Logo Bloomberg Technoz

"Saya ingat kemarin waktu ke Kupang Kabupaten Kupang dapatnya Rp193 miliar, terus Kota Madya-nya dapat Rp17 [miliar], tapi [saya pastikan] seluruh provinsi [dapat] cukup besar," tegasnya. 

Sementara itu, ketika ditanya mengenai alokasi untuk DKI Jakarta, Purbaya mengatakan nilainya cukup besar. Namun, Jakarta dinilai memiliki kapasitas fiskal yang relatif kuat sehingga tingkat urgensi untuk memperoleh tambahan dana tidak sebesar daerah lainnya.

Sebelumnya, Purbaya juga mengatakan pemerintah turut melakukan monitoring terhadap daerah-daerah yang sedang mengalami kekurangan anggaran. Dengan adanya bantuan dari pemerintah pusat ini diharapkan akan memberikan sokongan terhadap keberlangsungan fiskal daerah. 

"Kita hitung berdasarkan anggarannya dia dan kekurangan dia seperti apa. Kan bisa dideteksi itu anggarannya seperti apa, kemudian kita hitung kekurangan seperti apa sehingga mencukupi. Jadi [dana di] daerah harusnya bisa cukup. Enggak ribut-ribut kayak kemarin lagi," jelas Purbaya.

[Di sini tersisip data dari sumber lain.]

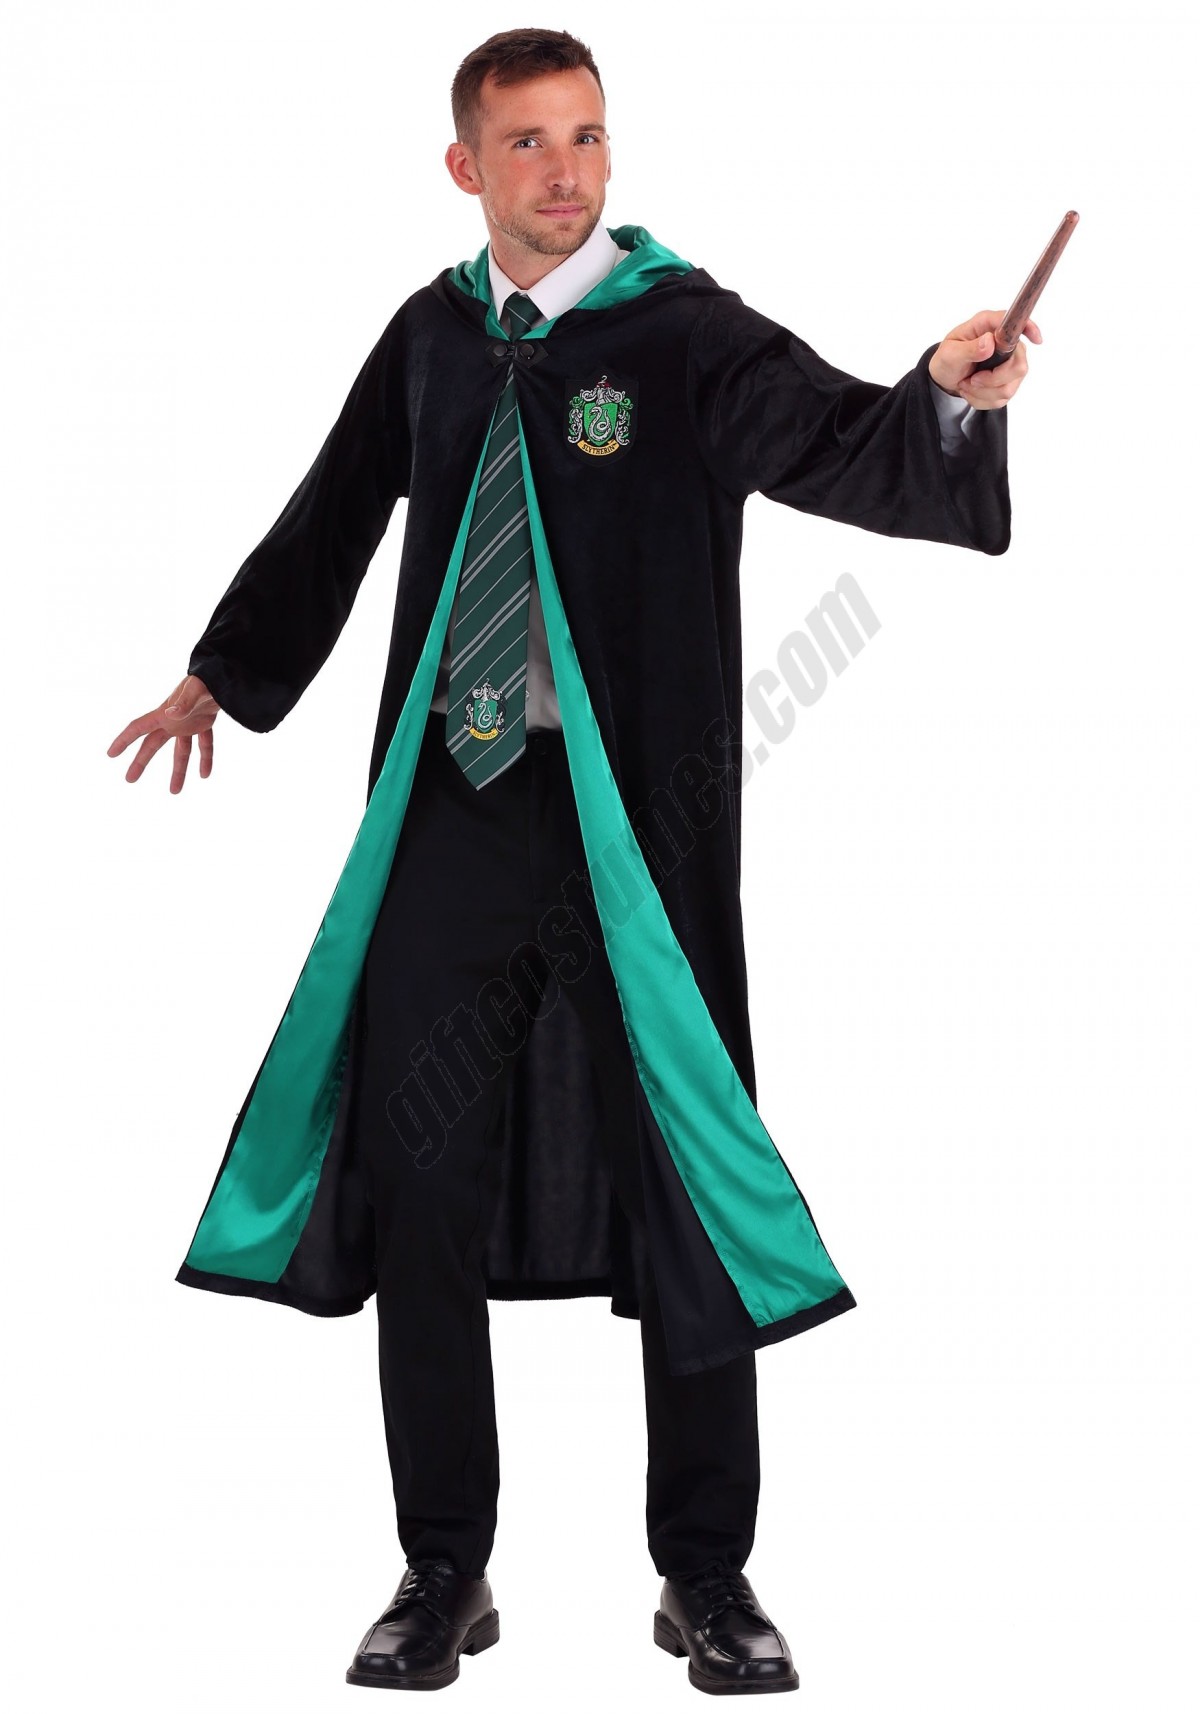 Harry Potter Deluxe Slytherin Robe Costume for Adults - Men's - -0

Dalam kaitan ini, Purbaya menyebut pemerintah akan menggunakan anggaran dari  Bagian Anggaran Bendahara Umum Negara (BA BUN) untuk kucuran dana ke pemda tersebut. Dia memastikan penyaluran dana ke pemda tidak akan mengganggu penyaluran dana ke kementerian/lembaga (K/L).

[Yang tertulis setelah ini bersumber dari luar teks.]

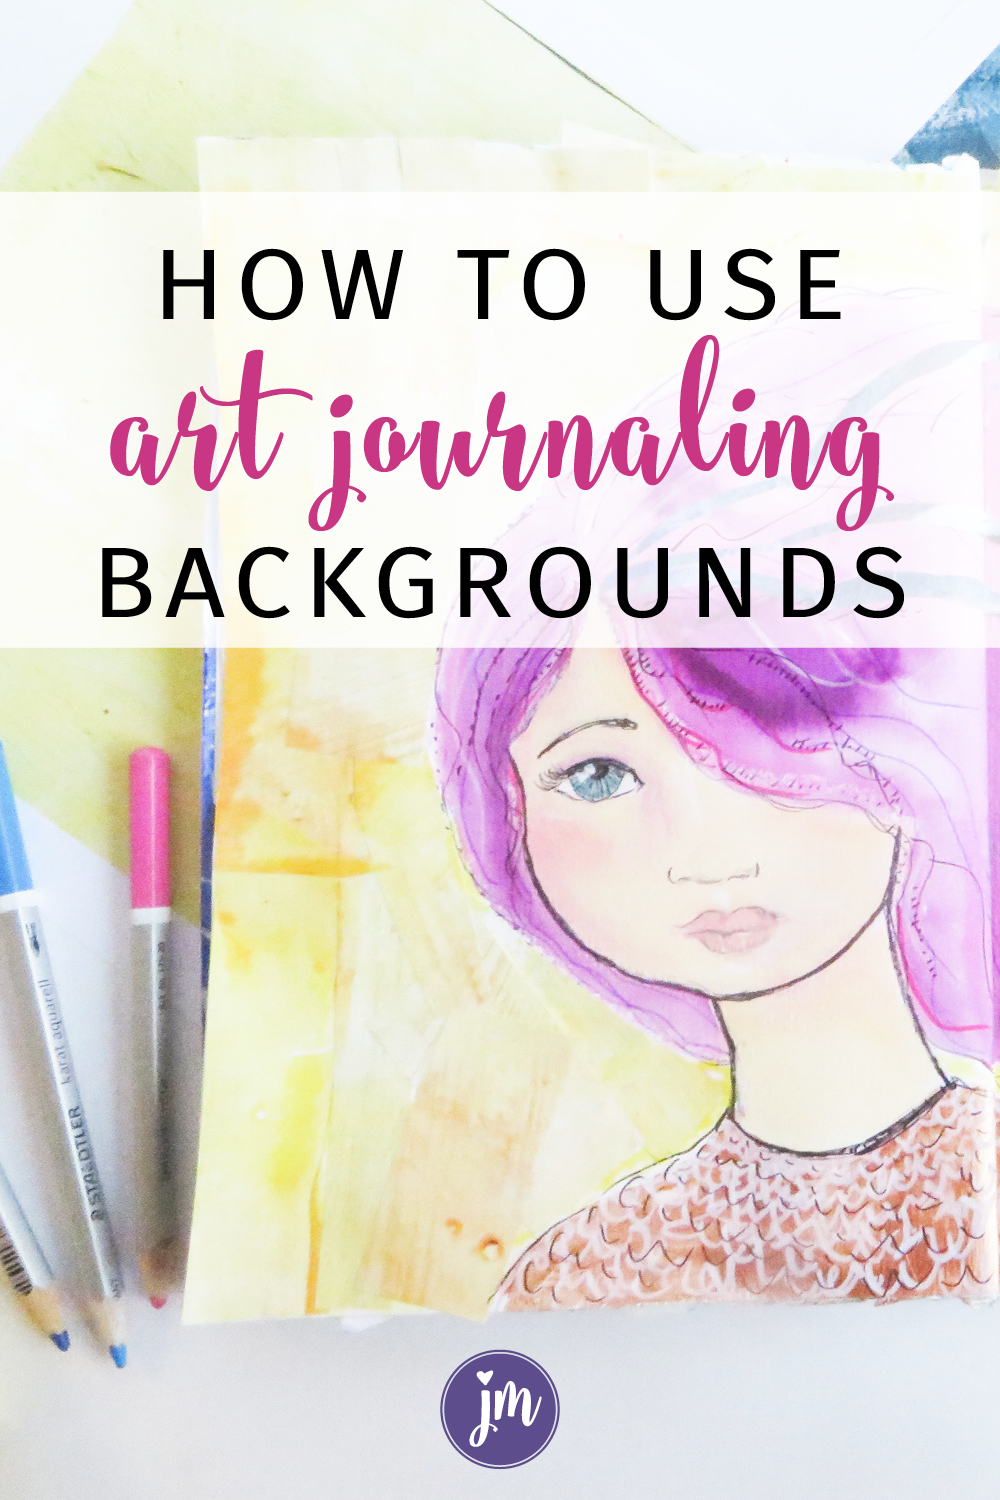 Have you ever used printable art journaling backgrounds in your journals? They are so much fun to use and super easy too! I love how they add such a variety of textures and color to my work that I wouldn't normally use. It's kind of like a colorful art journal prompt! This post includes a free art journaling background printable too. Love it!

"Tentunya ada yang dikurangi sedikit. Tapi dampak ke program kementerian/lembaga pasti hampir insignificant karena ini bukan diambil dari pos kementerian/lembaga," tuturnya. 

Untuk diketahui, transfer ke daerah (TKD) sebesar Rp357,4 triliun pada semester I-2026. Jika dibandingkan dengan periode yang sama tahun sebelumnya terjadi kontraksi sebesar 11,2%. Saat itu realisasi TKD mencapai Rp402,5 triliun, imbasnya banyak daerah mengalami kekurangan anggaran. Terutama daerah yang masih bergantung pada transfer dari pemerintah pusat.